Abaküs Yazılım
10. Hukuk Dairesi
Esas No: 2021/4289
Karar No: 2021/6733
Karar Tarihi: 21.05.2021

Yargıtay 10. Hukuk Dairesi 2021/4289 Esas 2021/6733 Karar Sayılı İlamı

10. Hukuk Dairesi         2021/4289 E.  ,  2021/6733 K.

    "İçtihat Metni"


    Mahkemesi : ... Bölge Adliye Mahkemesi .... Hukuk Dairesi


    Dava, geçirdiği kazanın iş kazası olduğunun tespiti istemine ilişkindir.
    İlk Derece Mahkemesince, hükümde belirtilen gerekçelerle davanın kabulüne dair verilen karara karşı davalı ... Demir Çelik SanTic.A.Ş. vekili tarafından istinaf yoluna başvurulması üzerine, ... Bölge Adliye Mahkemesi ... Hukuk Dairesince istinaf başvurusunun esastan reddine karar verilmiştir.
    ... Bölge Adliye Mahkemesi ...Hukuk Dairesince verilen kararın, davalılar ...Demir Çelik SanTic.A.Ş. ile Kurum vekilleri tarafından temyiz edilmesi üzerine, temyiz isteğinin süresinde olduğu anlaşıldıktan ve Tetkik Hâkimi ... tarafından düzenlenen raporla dosyadaki kağıtlar okunduktan sonra işin gereği düşünüldü ve aşağıdaki karar tespit edildi
    I-İSTEM
    Davacı vekili dava dilekçesinde özetle; davacının, davalılardan...Isı Makina San.

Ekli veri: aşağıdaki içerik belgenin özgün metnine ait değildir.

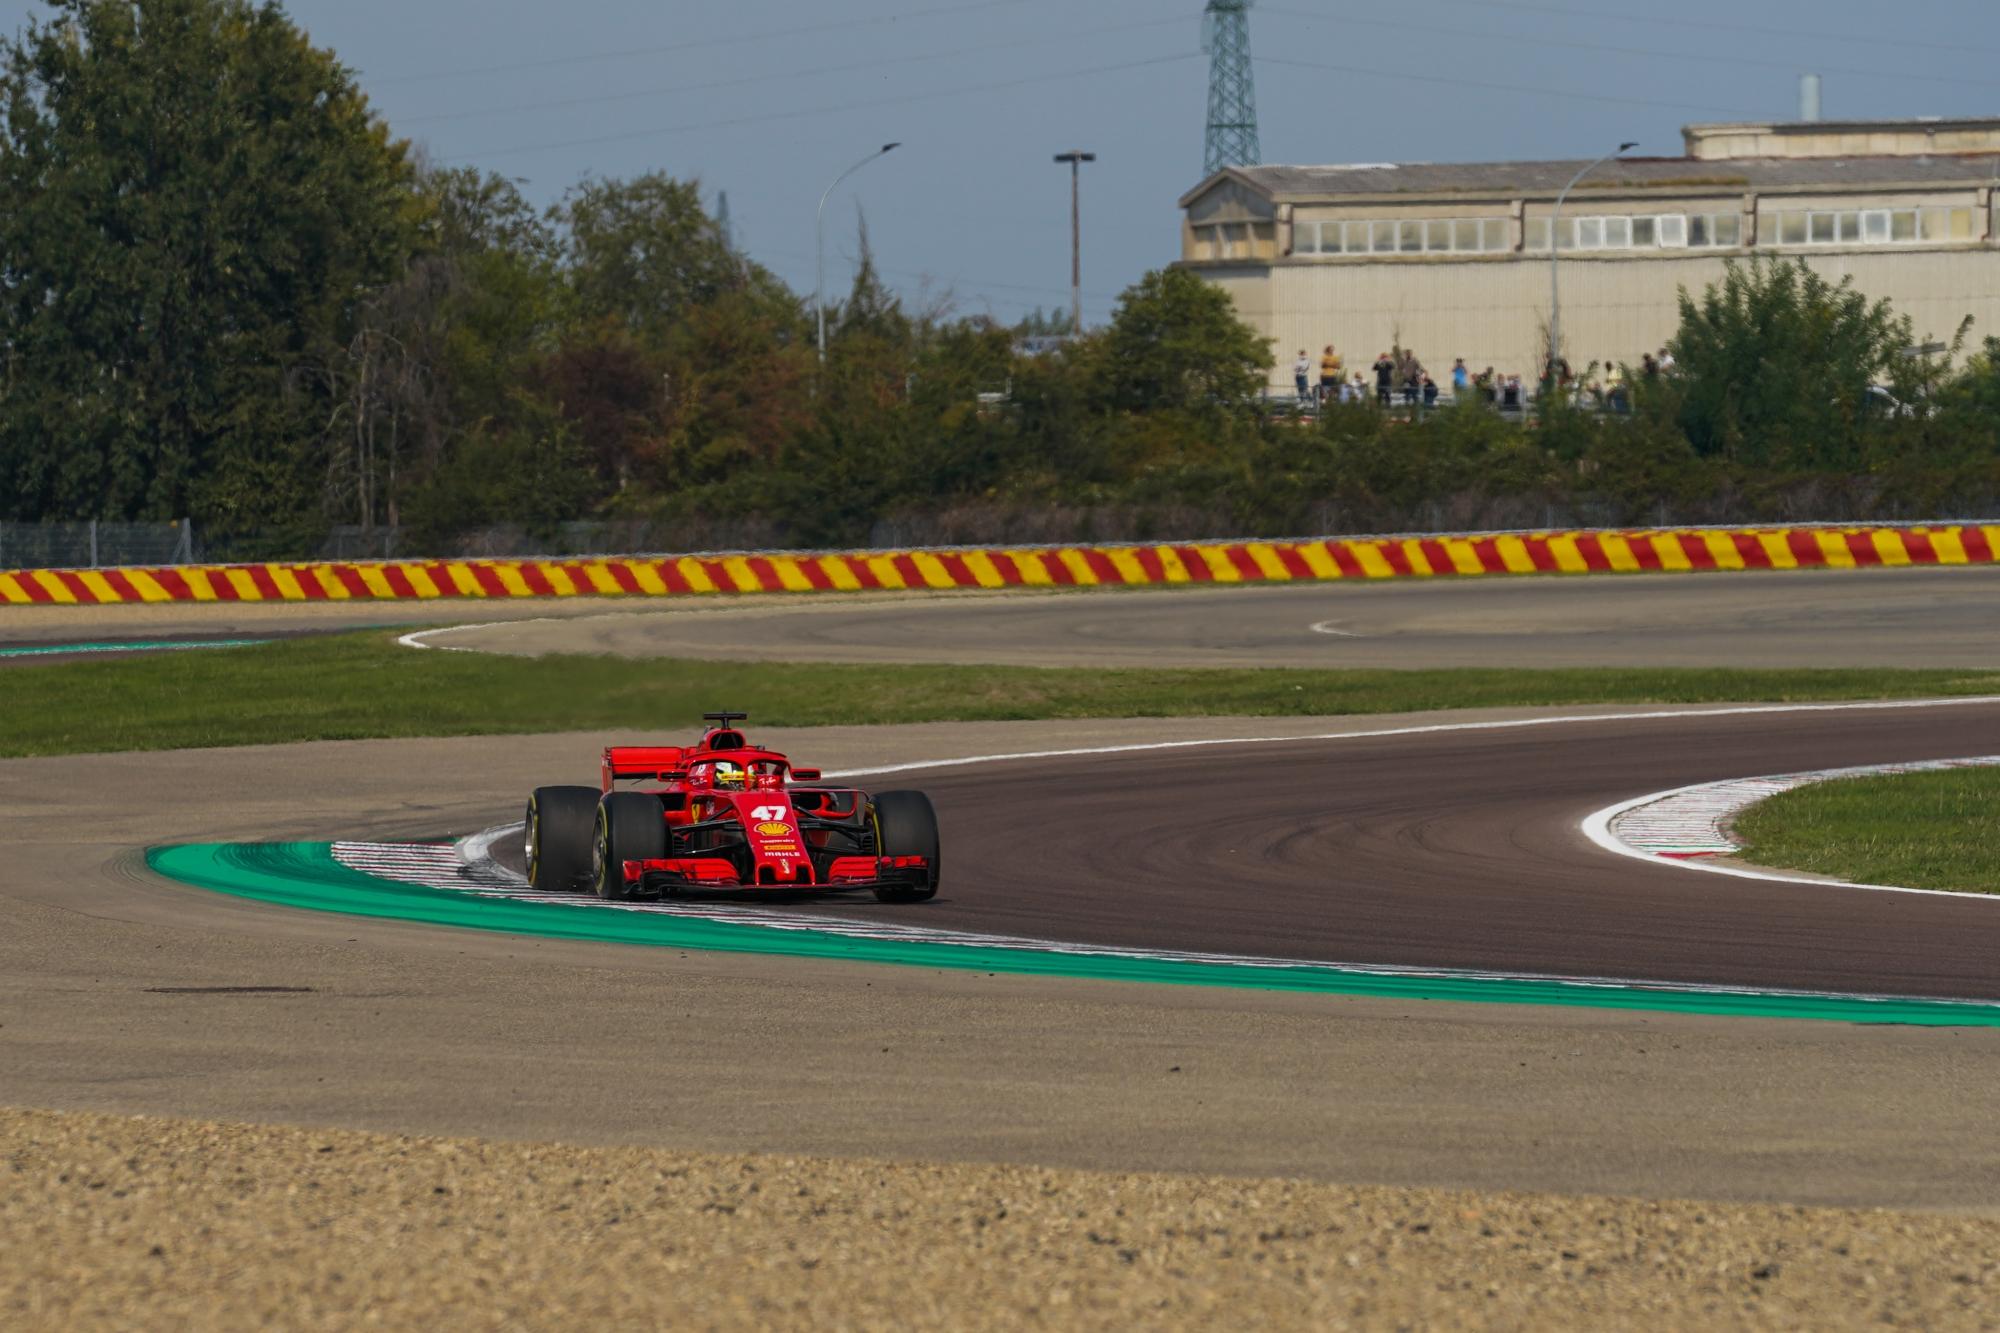 Fotó: Scuderia Ferrari Press Office

Tic. Ltd. Şti.’nde (Sicil no: 174459 – 0623) ustabaşı olarak çalışırken, aynı işverenin ...’teki işyerine (Sicil no: 1032771 – 7801) Ocak/2013 tarihinde sigorta geçişi yapılarak geçici olarak görevlendirildiğini, işbu geçici görevlendirilme neticesinde... Demir Çelik Fabrikası Tesisi’ndeki çalışması sırasında 22.02.2013 tarihinde Yıkama Ünitesi’nden yaklaşık 8-9 metre aşağı düşerek iş kazası geçirdiğini, ancak kurumun iş kazası olmadığına dair karar verdiğini belirterek, olayın iş kazası olduğunun tespitine, yargılama giderlerinin karşı tarafa yükletilmesine karar verilmesini talep etmiş, 04/05/2018 tarihli dilekçe ile kaza tarihinin sehven 22/03/2013 yazıldığını kaza tarihinin 28/02/2013 olduğunu beyan etmiştir.
    II-CEVAP
    Davalı Kurum vekili cevap dilekçesinde özetle; davanın haksız ve hukuki mesnetten yoksun olduğunu beyanla reddini istemiştir.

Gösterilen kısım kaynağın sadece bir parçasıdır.